I guess the web page reporting repair results is putting in the number of shares where it ought to have the number of servers.

Change History (33)

comment:1 Changed at 2010-07-10T04:51:44Z by zooko

File Check-And-Repair Results for SI=mkajm2jwe4oaegn5ganiv6guuu

Healthy : healthy
Repair successful
Post-Repair Checker Results:
Report:
Share Counts: need 3-of-10, have 10
Hosts with good shares: 10
Corrupt shares: none
Wrong Shares: 0
Good Shares (sorted in share order):
Share ID	
Nickname
Node ID
0	
soultcer@skulls
sp26qyqclbwjv6lgqdxik5lfdlxrkpnz
1	
soultcer@skulls
sp26qyqclbwjv6lgqdxik5lfdlxrkpnz
2	
strato
tavrk54ewt2bl2faybb55wrs3ghissvx
3	
FreeStorm-Neptune
fp3xjndgjt2npubdl2jqqb26clanyag7
4	
rxp_apathy
lv3fqmev464vcyi5yn7idjopbbptidxl
5	
soultcer@skulls
sp26qyqclbwjv6lgqdxik5lfdlxrkpnz
6	
soultcer@skulls
sp26qyqclbwjv6lgqdxik5lfdlxrkpnz
7	
strato
tavrk54ewt2bl2faybb55wrs3ghissvx
8	
FreeStorm-Neptune
fp3xjndgjt2npubdl2jqqb26clanyag7
9	
rxp_apathy
lv3fqmev464vcyi5yn7idjopbbptidxl
Recoverable Versions: 1
Unrecoverable Versions: 0
Share Balancing (servers in permuted order):
Nickname
Node ID
Share IDs
soultcer@skulls
sp26qyqclbwjv6lgqdxik5lfdlxrkpnz
0 1 5 6
strato
tavrk54ewt2bl2faybb55wrs3ghissvx
2 7
FreeStorm-Neptune
fp3xjndgjt2npubdl2jqqb26clanyag7
3 8
rxp_apathy
lv3fqmev464vcyi5yn7idjopbbptidxl
4 9
Pre-Repair Checker Results:
Report:
Share Counts: need 3-of-10, have 8
Hosts with good shares: 4
Corrupt shares: none
Wrong Shares: 0
Good Shares (sorted in share order):
Share ID	
Nickname
Node ID
1	
soultcer@skulls
sp26qyqclbwjv6lgqdxik5lfdlxrkpnz
2	
strato
tavrk54ewt2bl2faybb55wrs3ghissvx
3	
FreeStorm-Neptune
fp3xjndgjt2npubdl2jqqb26clanyag7
4	
rxp_apathy
lv3fqmev464vcyi5yn7idjopbbptidxl
6	
soultcer@skulls
sp26qyqclbwjv6lgqdxik5lfdlxrkpnz
7	
strato
tavrk54ewt2bl2faybb55wrs3ghissvx
8	
FreeStorm-Neptune
fp3xjndgjt2npubdl2jqqb26clanyag7
9	
rxp_apathy
lv3fqmev464vcyi5yn7idjopbbptidxl
Recoverable Versions: 1
Unrecoverable Versions: 0
Share Balancing (servers in permuted order):
Nickname
Node ID
Share IDs
soultcer@skulls
sp26qyqclbwjv6lgqdxik5lfdlxrkpnz
1 6
strato
tavrk54ewt2bl2faybb55wrs3ghissvx
2 7
FreeStorm-Neptune
fp3xjndgjt2npubdl2jqqb26clanyag7
3 8
rxp_apathy
lv3fqmev464vcyi5yn7idjopbbptidxl
4 9

comment:2 Changed at 2010-07-17T07:35:32Z by zooko

This would be a bugfix, and it would be a shallow patch with little danger of introducing worse bugs, so it would still be welcome for v1.7.1.

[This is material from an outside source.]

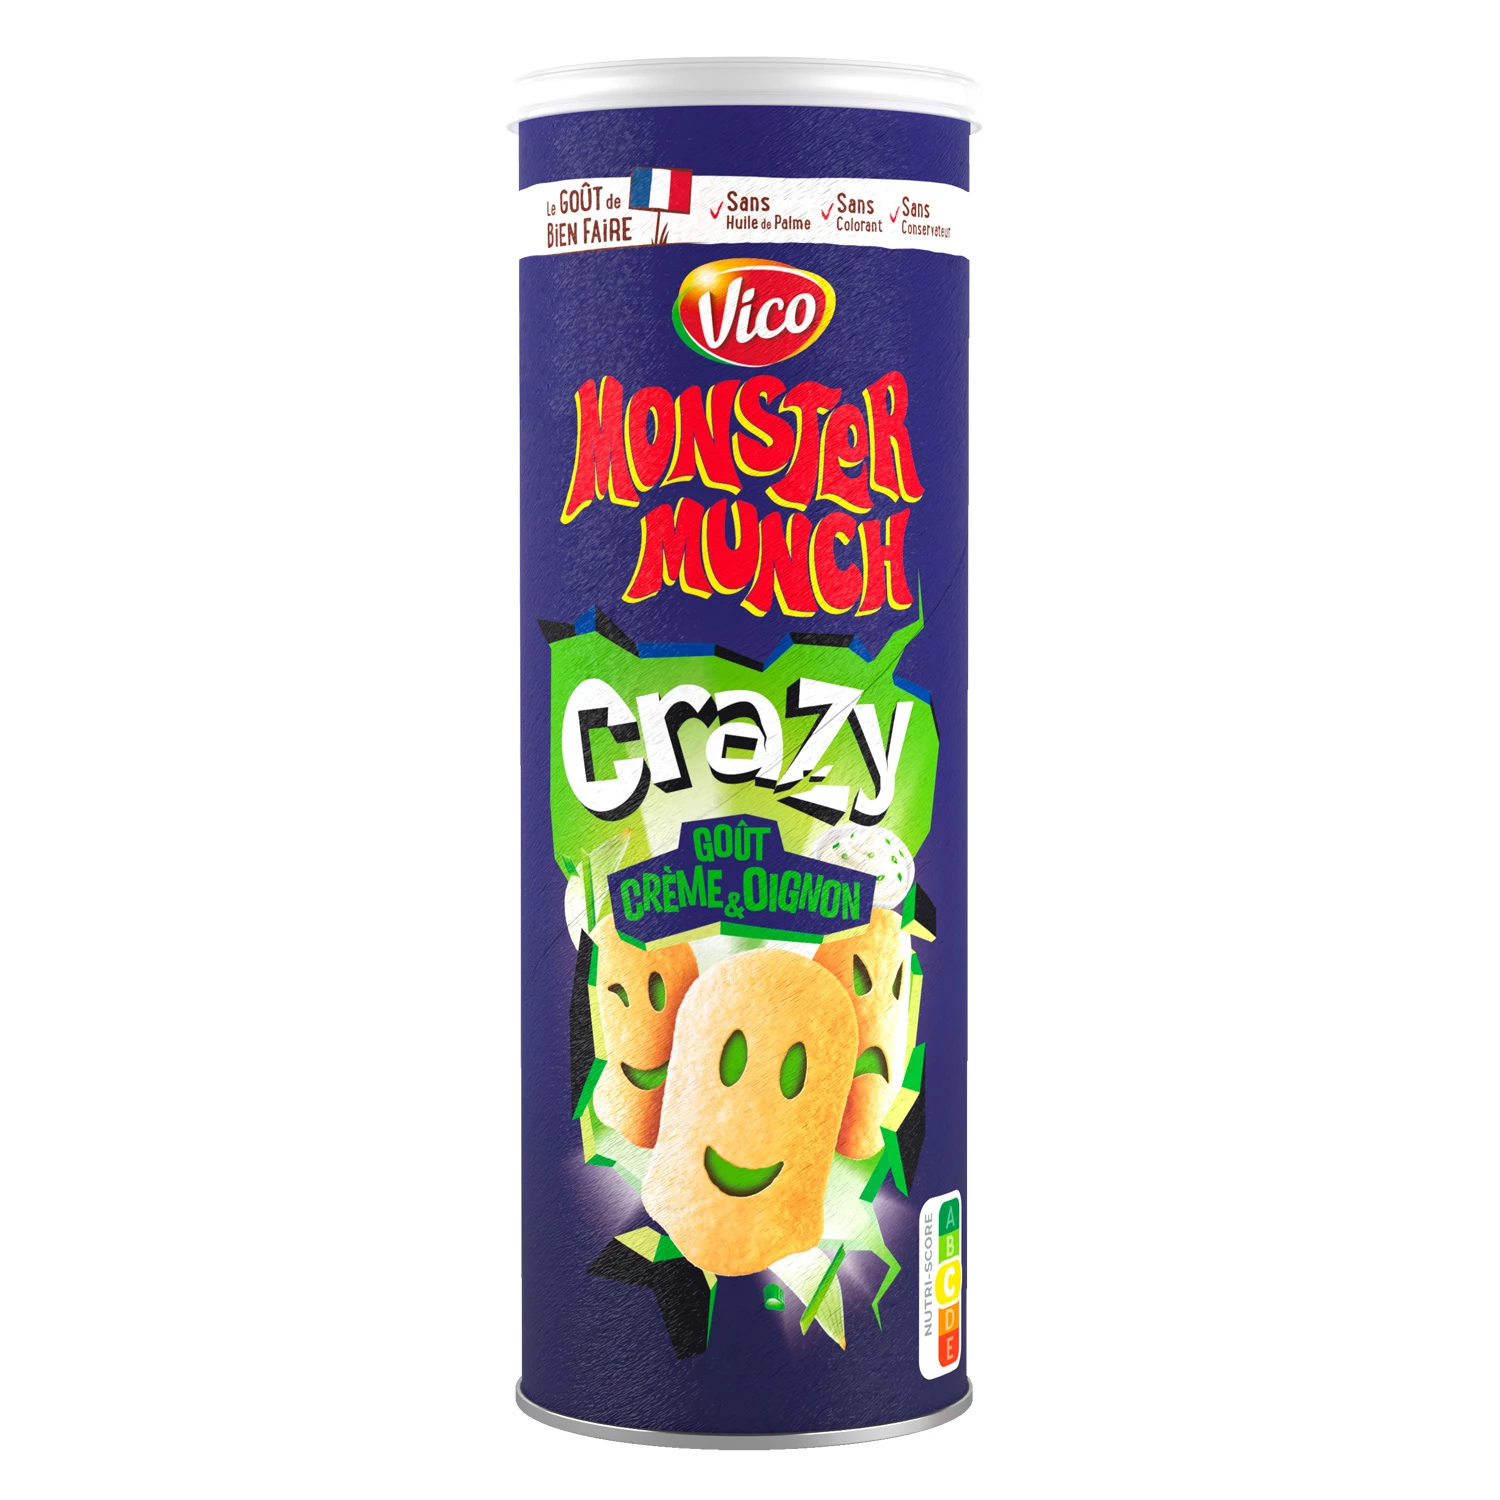 MONSTER MUNCH CRAZY Chips Cream and Onion Flavor, 150g - VICO

comment:3 Changed at 2010-07-18T03:33:36Z by davidsarah

  • Milestone changed from 1.7.1 to 1.8β

Out of time.

comment:4 Changed at 2010-07-20T04:05:05Z by davidsarah

The bug appears to be here in immutable/filenode.py's check_and_repair method:

    prr.data['servers-responding'] = list(servers_responding)
    prr.data['count-shares-good'] = len(sm)
    prr.data['count-good-share-hosts'] = len(sm)

count-good-share-hosts should not be the same as count-shares-good. It possibly should be len(servers_responding), but I'm not sure of that.

comment:5 Changed at 2010-07-20T04:31:24Z by zooko

Hm it is documented in webapi.txt:

     count-good-share-hosts: the number of distinct storage servers with
                             good shares. If this number is less than
                             count-shares-good, then some shares are doubled
                             up, increasing the correlation of failures. This
                             indicates that one or more shares should be
                             moved to an otherwise unused server, if one is
                             available.

So it should be ... Hrm... I'm not 100% certain but I think that count-good-share-hosts should be len(reduce(set.__union__, sm.itervalues()). Clearly we need a unit test for this.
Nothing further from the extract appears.